Many of her friends got a study exemption to study medicine and were able to return to Australia, but there’s still been broader hardship due to limited international students. 

Ms. Leong lives in university accommodation. She explained that the change was challenging. 

“It was pretty startling at first because of how quiet the building was,” she says of the dwelling that has now been filled with local students, changing the dynamic. 

As the Vice President of a UTS club, Ms. Leong also noticed differences. 

“The biggest change would definitely be not having first year students… It’s quite clear in the numbers as well. Usually, we would have at least 10 first year students, but this year it was less than five. And those students were already in Aus,” she said of the group that lost many members to home countries.  

Other students have noticed greater dangers as their friends have departed. 

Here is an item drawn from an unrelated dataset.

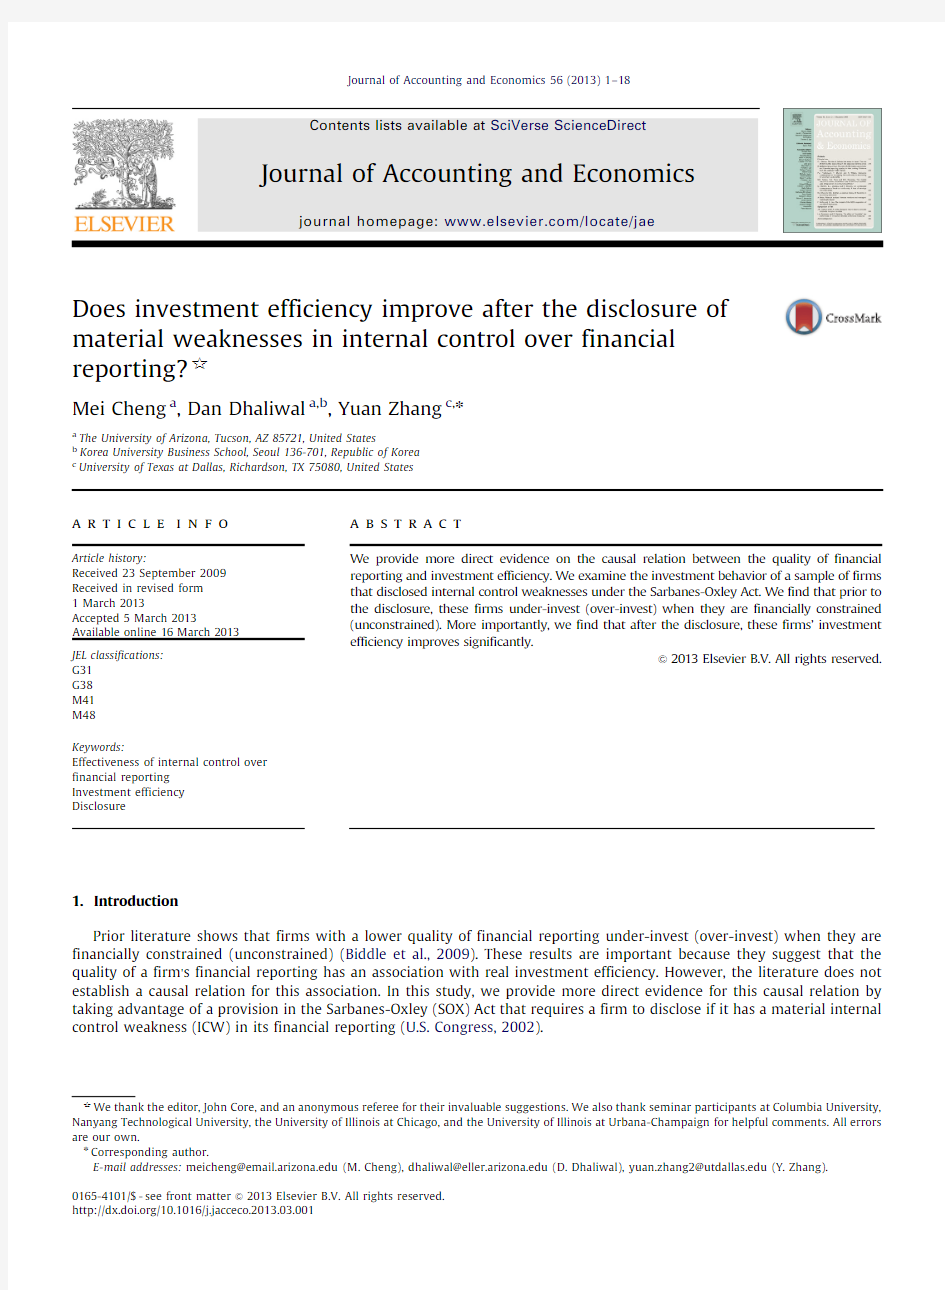 Does_investment_efficiency_improve_after_the_disclosure_of_material_weaknesses_in_internal_control

Lynette Zhang, a UTS Communication student says, “there is more racial discriminations than before because of COVID-19…that is a reason I’m lonely. It is incredibly difficult for [the] Asian community to call for more attention and sympathy in Australia [without more peers here]’.”

Fresh classroom perspectives

The return of international students could be exactly what local peers and staff need to re-shift perspectives. In the last year one third of international students returned home, increasing the homogeneity of Aussie identities in our university classrooms. 

In the wake of COVID-19’s wrath, USyd’s Business School Associate Professor Matthew Beck wrote, “in every way, international students lift the bar for Australian students, and contribute to a thriving, increasingly diverse and multi-dimensional learning experience for “Aussie kids”. 

He believes Australia’s international acclaim attracts some of the “brightest minds globally”, which are to credit for our education sector. This is no small comment in a climate where the “knowledge economy is becoming increasingly more valuable.” 

Patrick Newbold studies Secondary Education and Science at USyd. He said international peers are crucial in providing different perspectives based on experience. They show him situations he wouldn’t be privy to alone. 

“Particularly for me in my education degree… I’ve been more exposed to the role of social justice in education… The cost of education has really been revealed to me, with my friend currently paying eight times the amount I am for the exact same degree. As a result, it has really cemented my values of free and equal education,” he said. 

Diversity in experience and intellect may be as valuable a commodity as our cash flow; and one that is set to be refreshed by a reintroduction of international students to our universities this year.